The Reality: Cutting 10 days of instruction doesn’t hurt the politicians, and it doesn’t hurt the union bosses. It hurts the children who are already battling severe post-pandemic learning loss.
A Warning for the Nation
What is happening in Chicago is a textbook case of what happens when governance is dictated by ideology rather than basic mathematics.
Illinois Governor J.B. Pritzker recently signed a $350 million state budget injection for schools statewide, but even state-level bailouts cannot outpace a local system that refuses to live within its means. CPS is already statutorily capped on its property tax levies and has exhausted its access to city Tax Increment Financing (TIF) surpluses. The district’s credit rating is below investment grade. There are no more rabbits left to pull out of the hat.

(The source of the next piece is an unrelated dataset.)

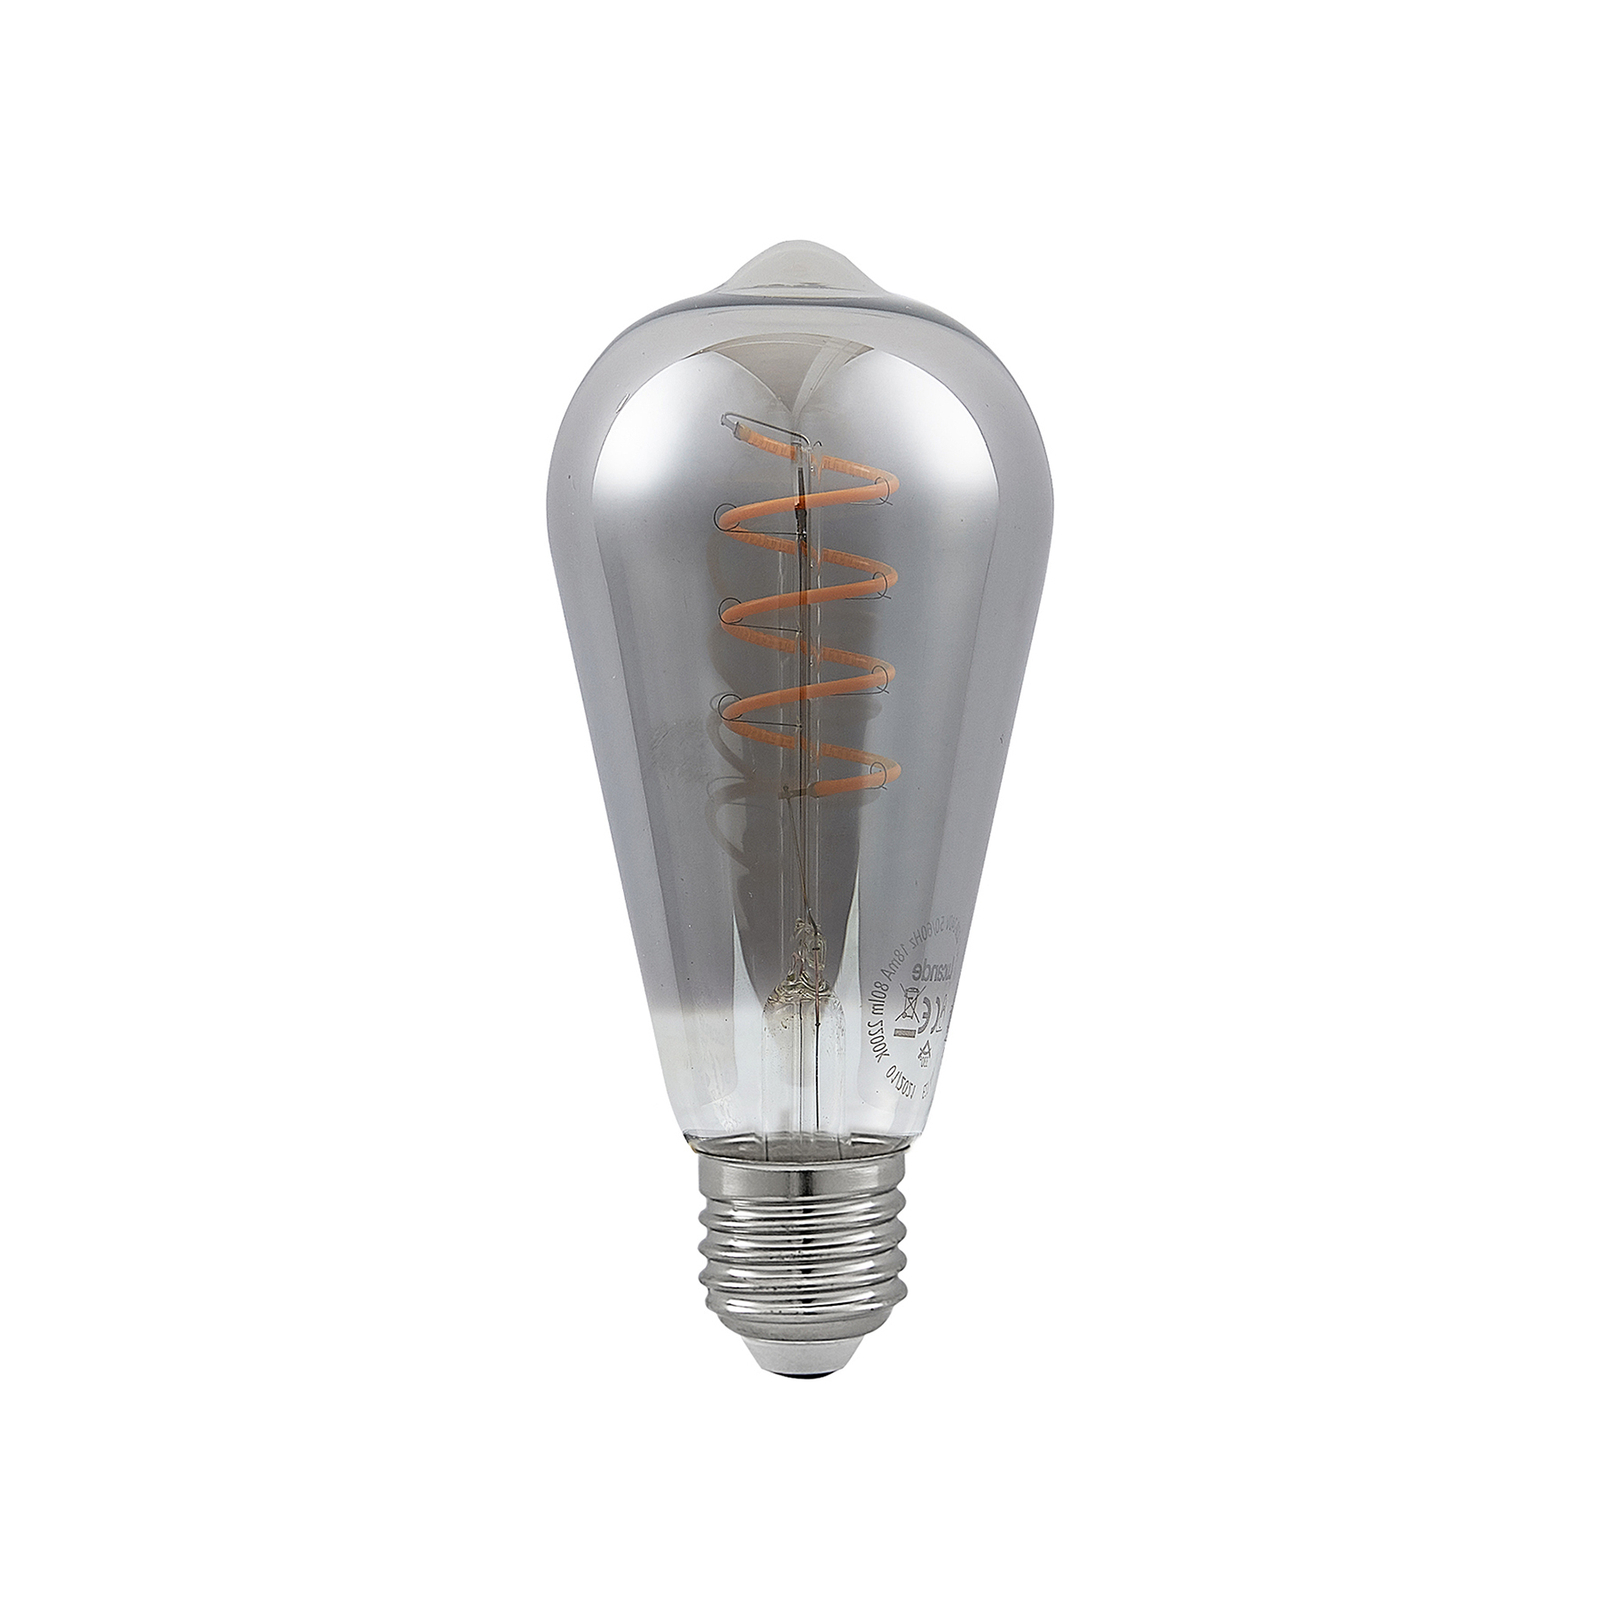 Lucande LED bulb E27 ST64 4W 1,800K dimmable smoke

Government spending is out of control, and the fiscal reckless abandonment seen in Chicago demonstrates the ultimate cost of that reality. When a system refuses to manage its budget during the fat years, it is forced to ration basic services during the lean years.
Trimming the school calendar to protect an unsustainable administrative apparatus is a betrayal of public trust. Our children deserve every single day of their education. Using their futures as a buffer to absorb the shock of political overspending is entirely unacceptable.
This is wrong. It always comes down to leadership. Let the facts speak for themselves. This will lead to more kids getting into trouble, as they have more free time on their hands while their parents work. Chicago’s crime numbers are too high now.